Studying the insides reveals another difference over the CD-77. The smaller player's custom transport is hard-mounted and no longer compliantly suspended. Loading a disc no longer encounters the deliberate give which could initially be quite disconcerting. As does the CD-77 however, blue diodes once again bathe the CD well in blue light.

Retained also are the 45-second power-up cycle and the earlier described filter and sampling modes (Master II is default).

On the main circuit board, AMR stickers conceal the identity of various digital chips to protect specific circuit details. "The USB circuit's power supplies, grounds etc. are fully isolated from the rest of the circuit and only the audio data are passed via transformer isolation. The USB port is limited to the sample rates and word length supported by the DAC, i.e. 16-bit and 48kHz. The performance of the USB receiver and controller depend on implementation and firmware. AMR has chosen a USB controller capable of exceptionally low levels of jitter. We generally do not like to discuss the exact nature of our choices of integrated circuits as it matters far more how they are applied. Overall gain of the player centers on 2.1V and the different tube types which may be used will alter the output voltage by ±1dB at most."

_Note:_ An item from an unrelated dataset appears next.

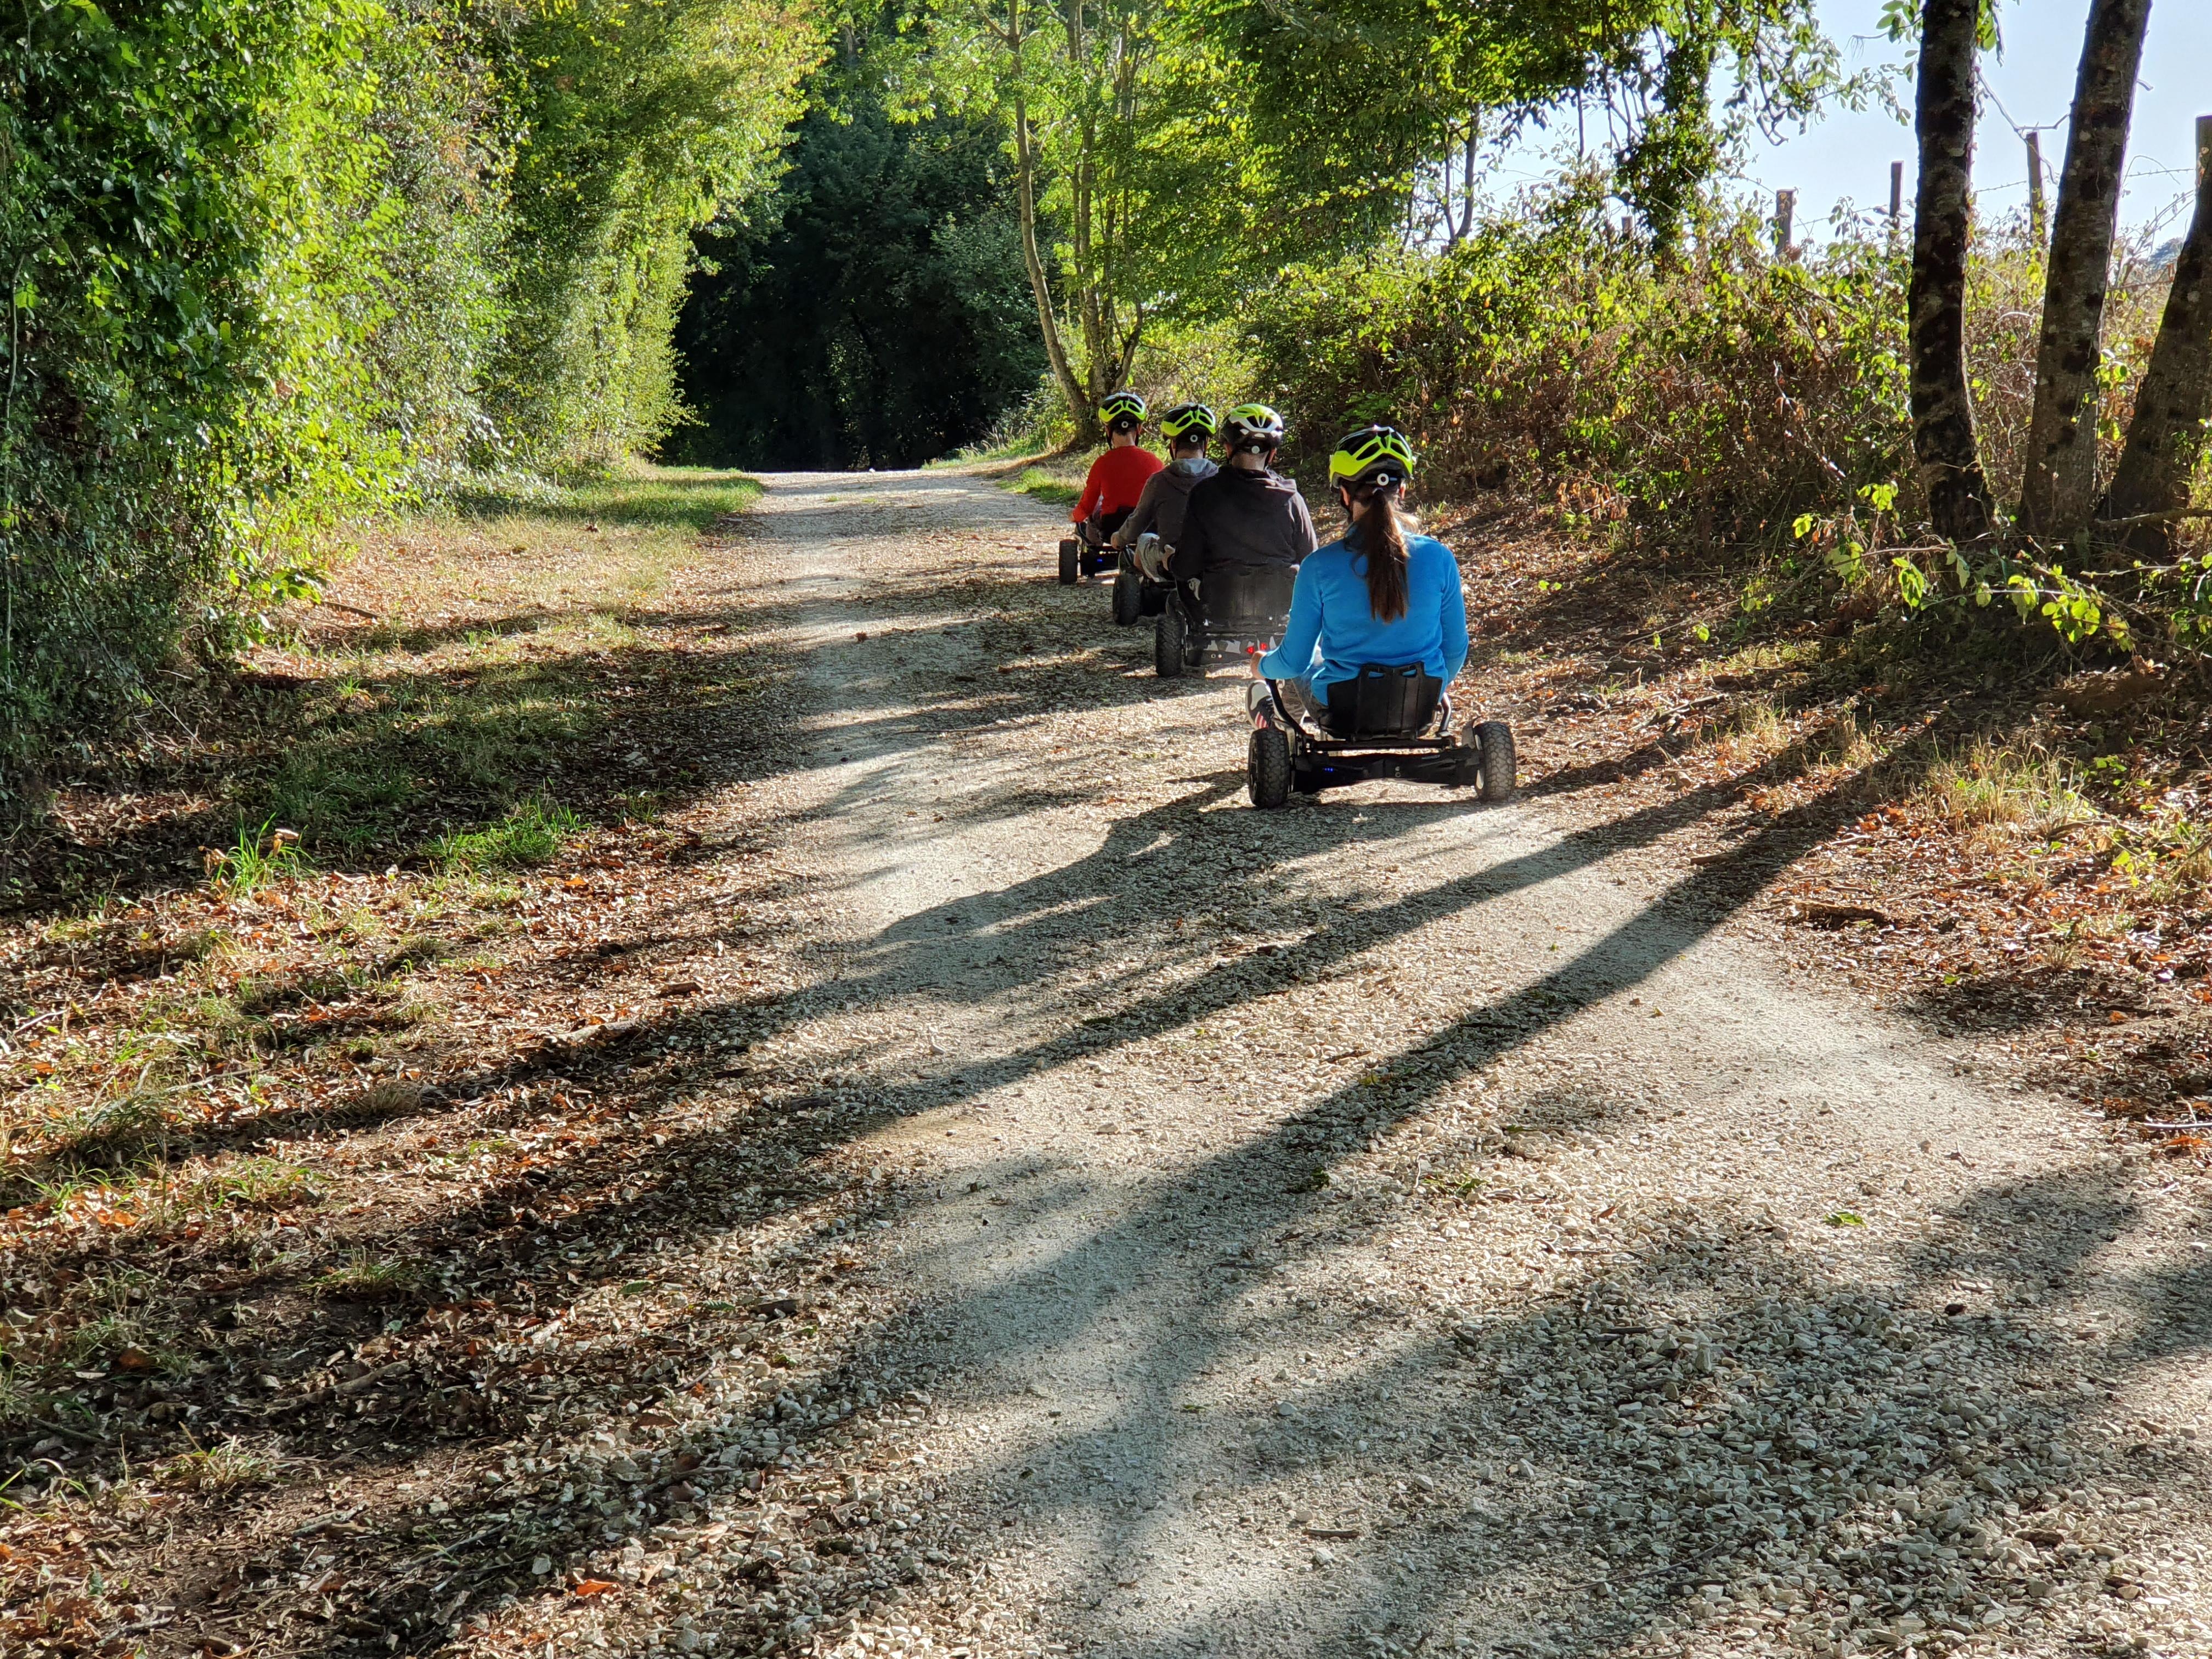 enfants en randonnée à la campagne en hoverkart en colonie de vacances

Signature AMR flourishes on the outside include engraved rather than silk-screened logos and control icons; light pipe illumination around the controls; and grained and sandblasted aluminum textures.

A contact trigger automates TOC read-in as soon as the lid is closed. Track capture is quick.


The top cover plexi strips have small decompression holes in the middle of each peep window and there are small gaps along the sides for ventilation. The deliberate avoidance of any visible fasteners on the front, sides and top caters to an elegant appearance as does the slight bevel contour of the fascia. In toto, close inspection reveals that on build quality too, Abbingdon Music Research delivers in excess of what the retail price might promise.

Our resident Aussie Edgar Kramer reported to me by email that "I was just recovering from the CES madness when it was off to Melbourne to cover a high-end product launch. Which was fortuitous because I got a chance to meet Cameron and spent some time having a listen to the AMR CD-77 and CD-777. I need to congratulate the AMR team on the superbly built and designed products – both players. The sound was impressive although I was totally unfamiliar with the system and room. It’s surprising how much performance they managed to extract from the CD-777 when compared to the CD-77. I wonder what you will hear. For me it was quite close within the context of that system (which I think is quite revealing). Ghee, I wish the CD-77 had a digital out too." As we learned, the CD-77.1 "has the option for S/PDIF in/out which is retrofittable to become a transport just like the CD-777."